Alain Doutey et Marie-Christine Barrault : un couple complice pour des "Confidences"

Par @Culturebox
Mis à jour le 14/09/2017 à 12H08, publié le 13/09/2017 à 13H00
"Confidences" oscille avec finesse entre gravité et humour, au Théâtre Rive-Gauche

"Confidences" oscille avec finesse entre gravité et humour, au Théâtre Rive-Gauche

© F. RAPPENEAU

"Confidences" est une création de l’auteur américain de comédies musicales à succès Joe Di Pietro. Après le triomphe de la pièce à Broadway, Eric-Emmanuel Schmitt s’empare du texte, pour en délivrer une adaptation drôle et tendre au Théâtre Rive-Gauche à Paris, portée par Alain Doutey et Marie-Christine Barrault.

Georges (Alain Doutey) bat son fils (Arthur Fenwick) à plate couture au tennis. Ce dernier rumine, ébranlé, avant de cracher le morceau : il est amoureux.
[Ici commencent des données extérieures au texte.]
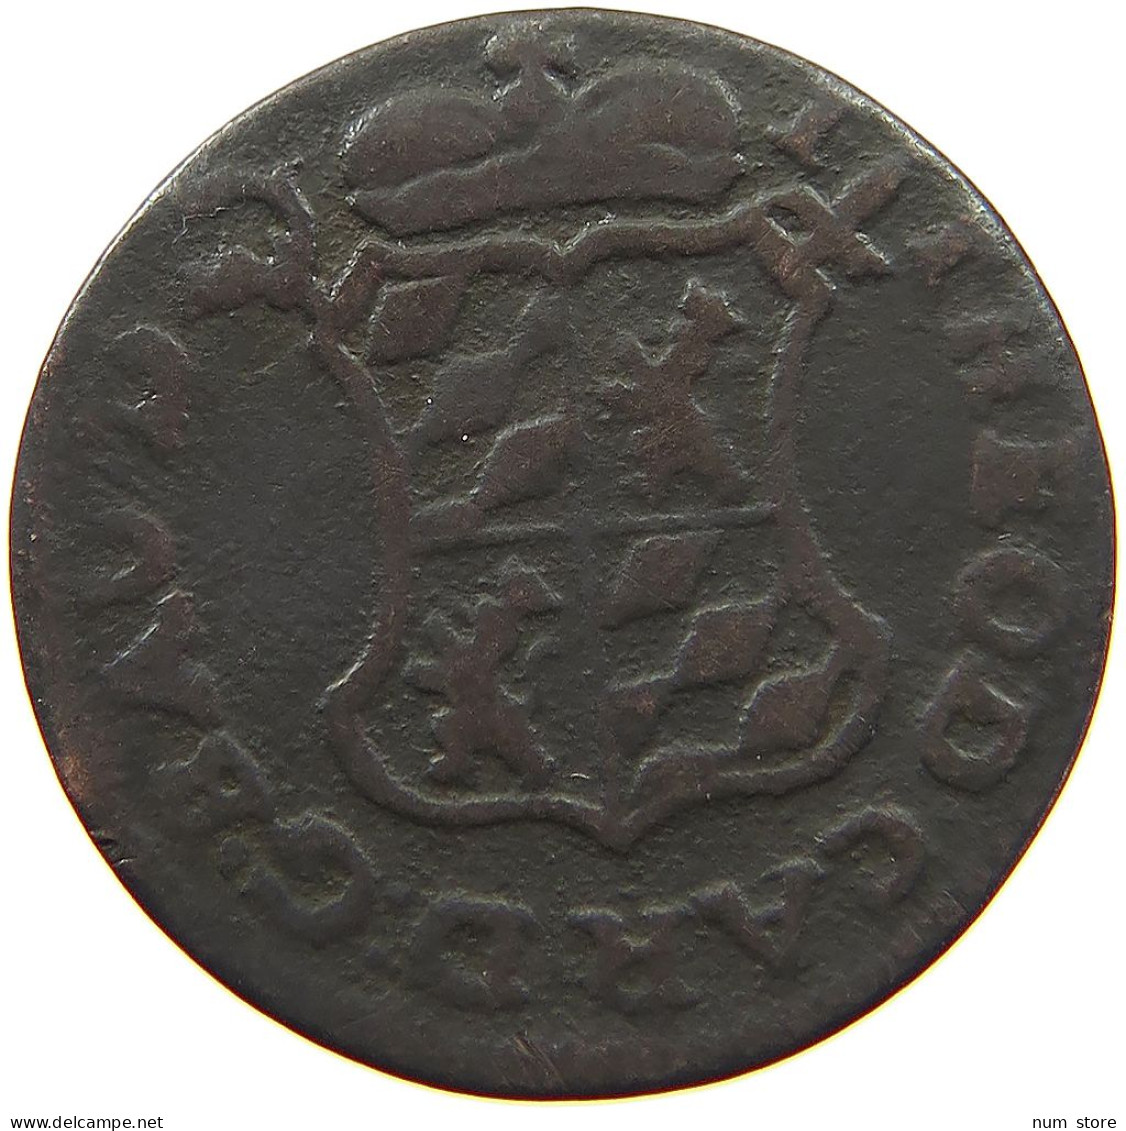 BELGIUM LIEGE LIARD 1751  #a016 0189 - 975-1795 Prince-Bishopric Of Liège

Mais pas de sa femme, avec laquelle il vient d’avoir un enfant. Il conjure Georges de garder le secret. C’était sans compter le sixième sens et la pugnacité de sa mère (Marie-Christine Barrault) qui pressent tout de suite que quelque chose cloche. Elle décide donc d’inviter toute la famille pour mettre les choses au clair.

Malins petits mensonges

"Clever Little Lies" (en français "malins petits mensonges"), est le titre originel de la pièce. Eric-Emmanuel Schmitt, lui a préféré "Confidences", en écho au ton de la pièce, intimiste, subtile, tendre. Les comédiens sont justes : Arthur Fenwick, grand ado dégingandé, est parfait en jeune premier torturé. Claudia Dimier, son épouse, est aussi une mère hystérique, obnubilée par son nouveau-né. Alain Doutey et Marie-Christine Barrault, parents lumineux, dégagent une douce complicité.
Marie-Christine Barrault, lumineuse dans "Confidences"

Marie-Christine Barrault, lumineuse dans "Confidences"

© F. RAPPENEAU
Cette pièce trans-générationnelle parle avec humilité et dérision du couple et de la relation parents-enfants. Elle reprend un thème récurrent de la comédie : une vérité encombrante peut-elle entraver le bonheur quotidien ? Mais la pièce se garde bien d’user de quiproquos à répétition, privilégiant des dialogues rythmés, des silences évocateurs et des jeux de regard. La mise en scène sobre et subtile de Jean-Luc Moreau oscille entre humour et gravité. Elle est naïve sans niaiserie, drôle mais pas grotesque, simple et authentique. On en sort légers.